**GIVEN DATA**
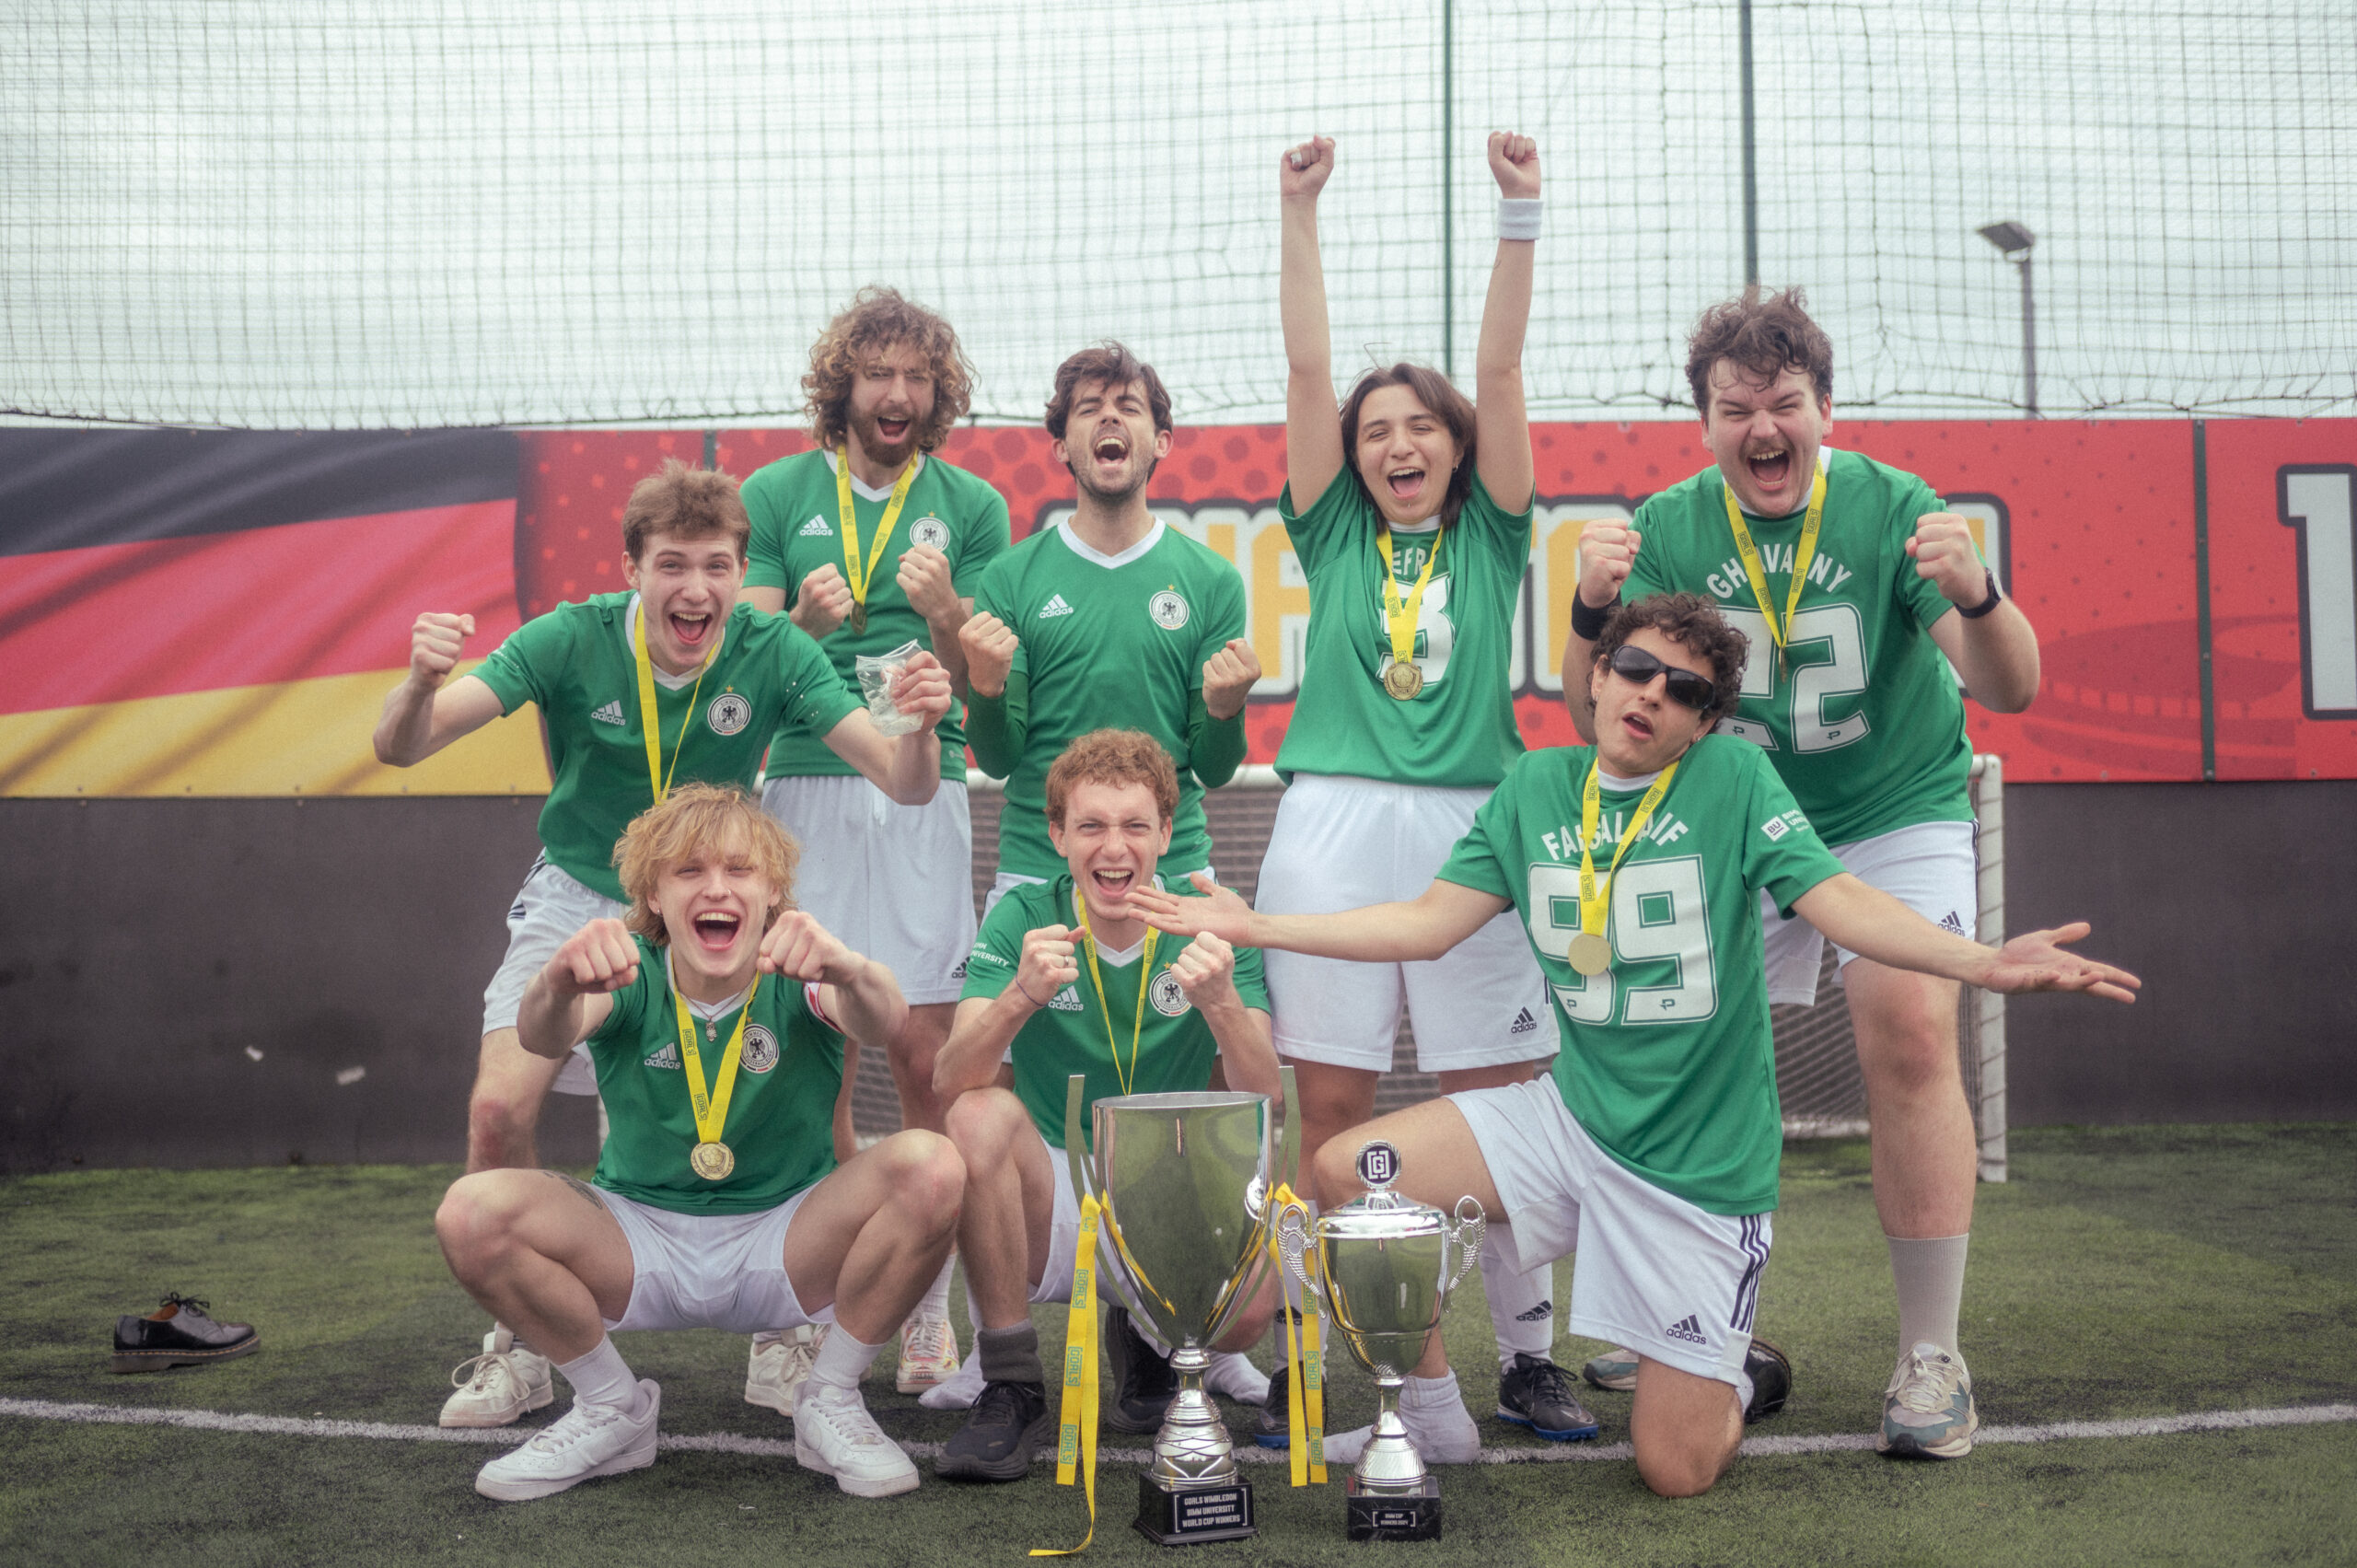 Group photo of the winning BIMM World Cup team from BIMM University Berlin. The team are in celebratory poses and their two trophies are in view.
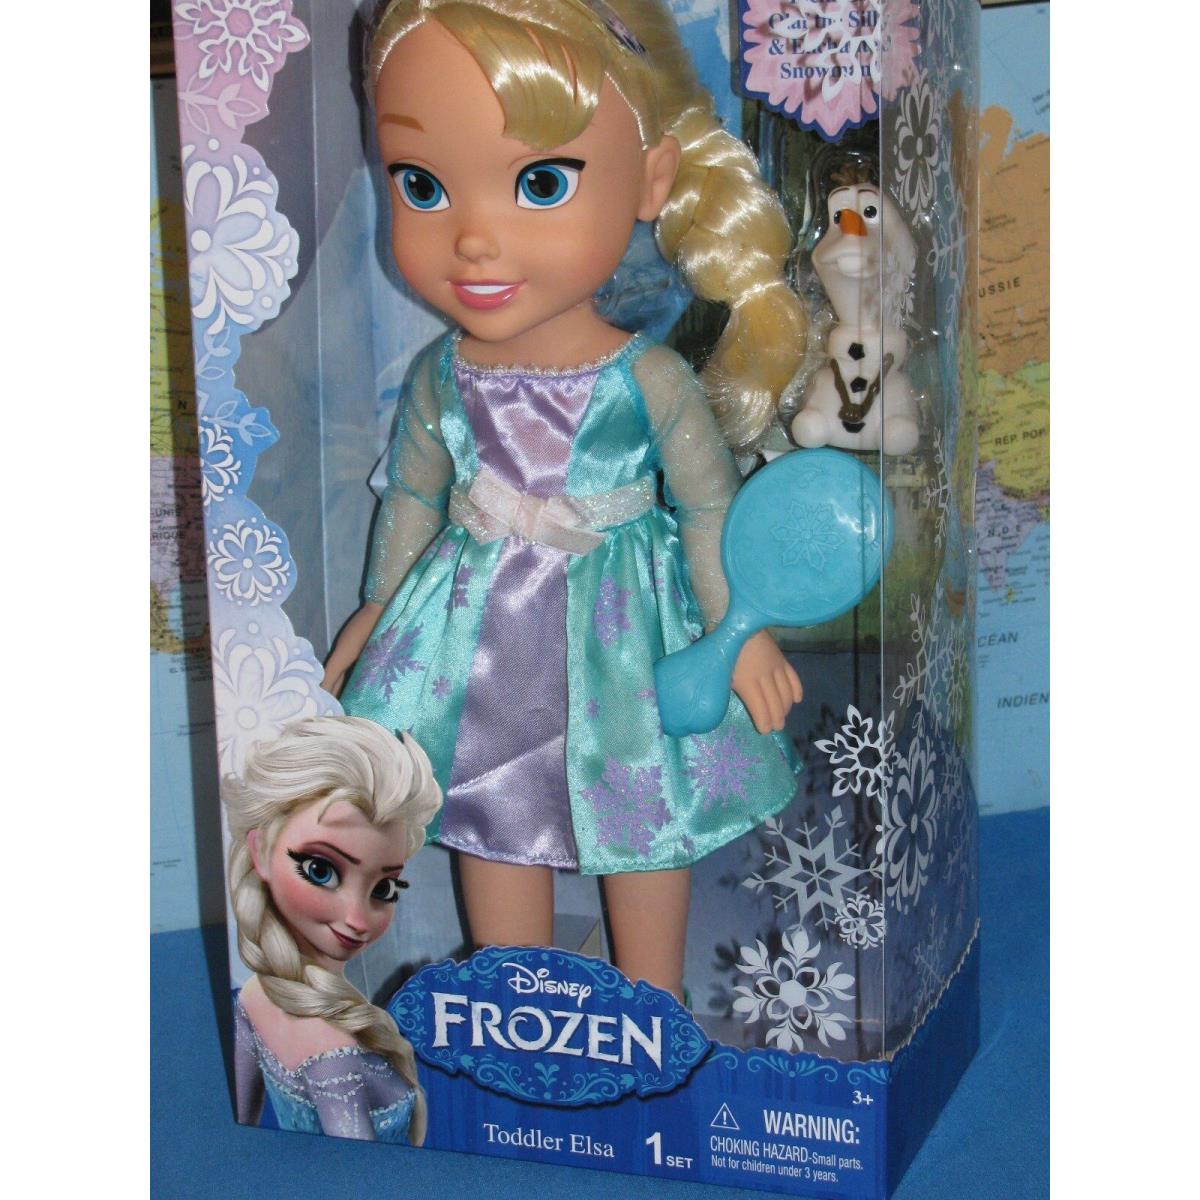 Disney Frozen Princess Toddler Elsa Doll Set Includes Olaf The Silly Snowman
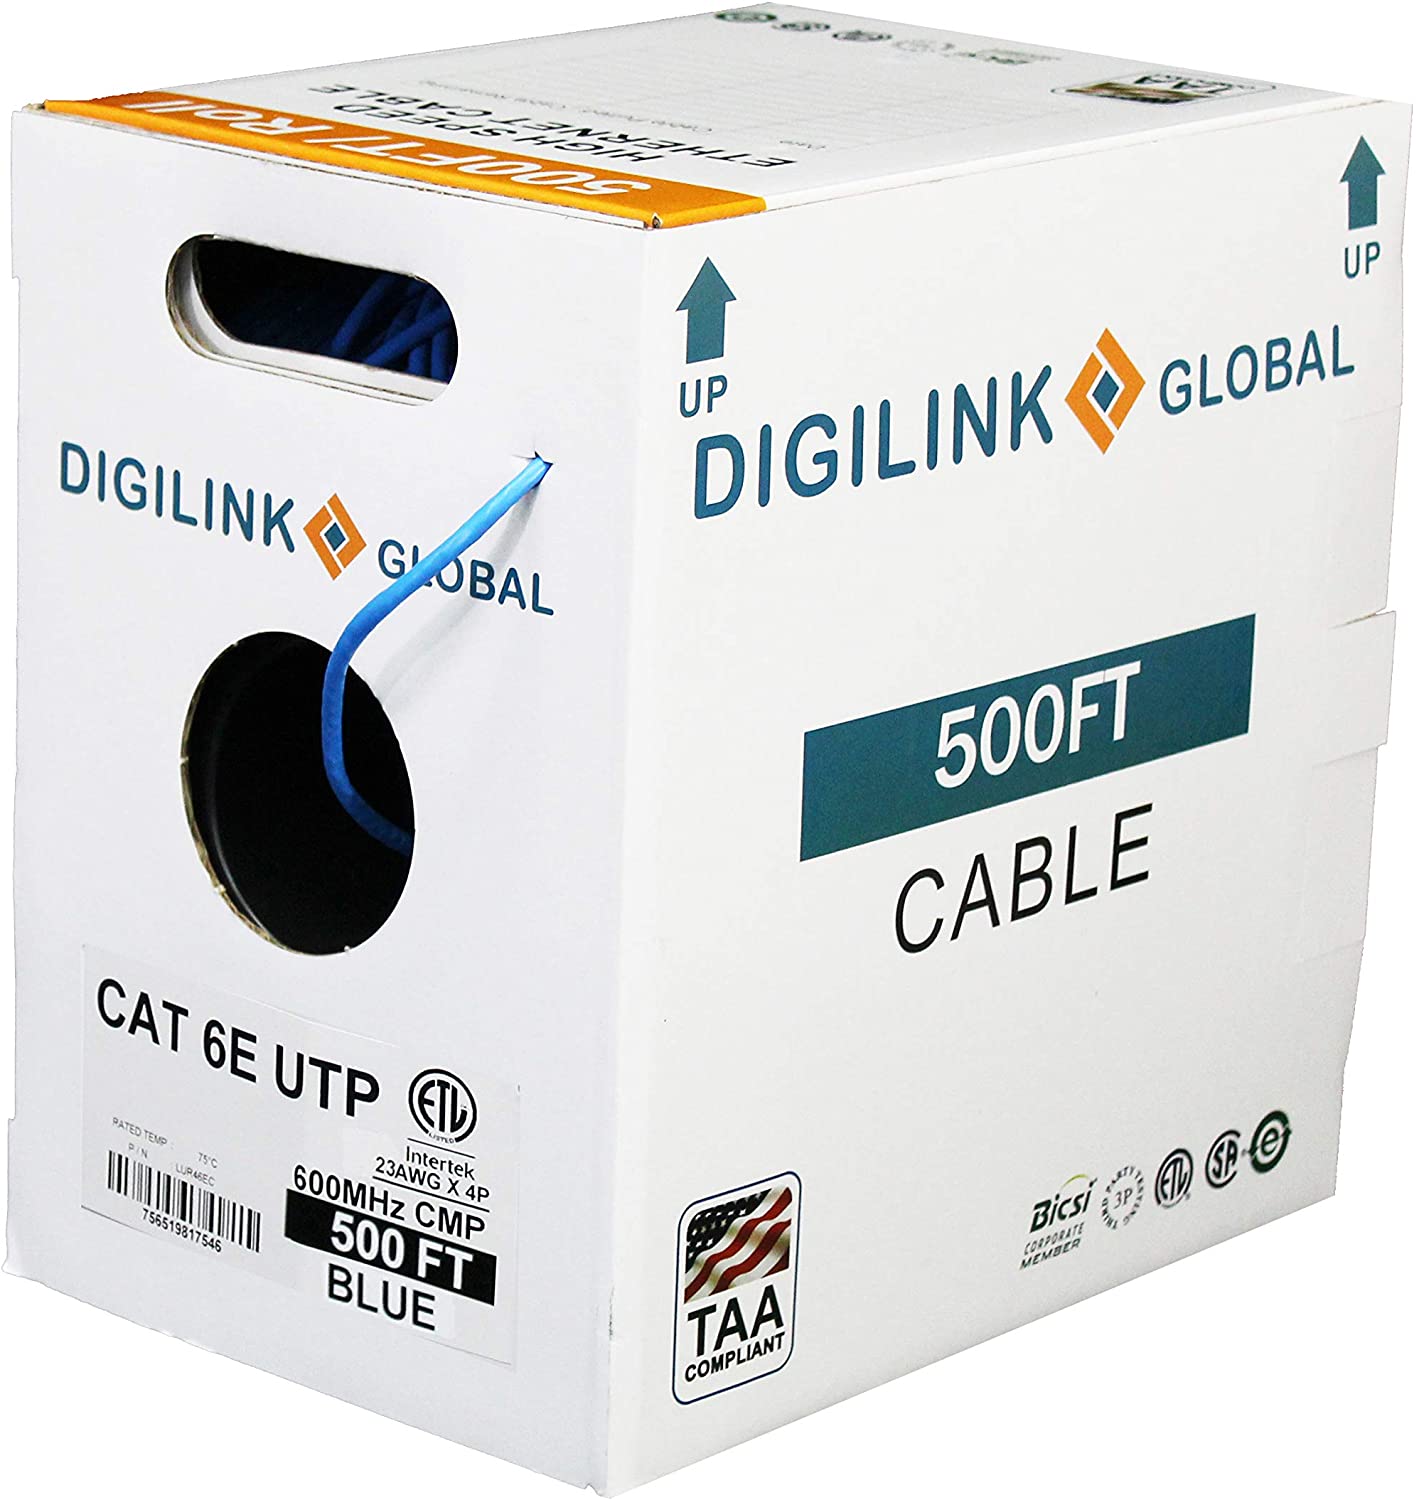 CAT6E Plenum (CMP), 500FT, UTP 23AWG, Solid Bare Copper, 600MHz, ETL  Certified, Bulk Ethernet Cable in Blue by Digilink Walmart Canada

**EXERCISE**
Copy the lines exactly. Start at the line with "Disney Frozen Princess", end at the last line above, include both, and omit all pictures.

**RESULT OF THIS EXERCISE**
 Disney Frozen Princess Toddler Elsa Doll Set Includes Olaf The Silly Snowman
 CAT6E Plenum (CMP), 500FT, UTP 23AWG, Solid Bare Copper, 600MHz, ETL  Certified, Bulk Ethernet Cable in Blue by Digilink Walmart Canada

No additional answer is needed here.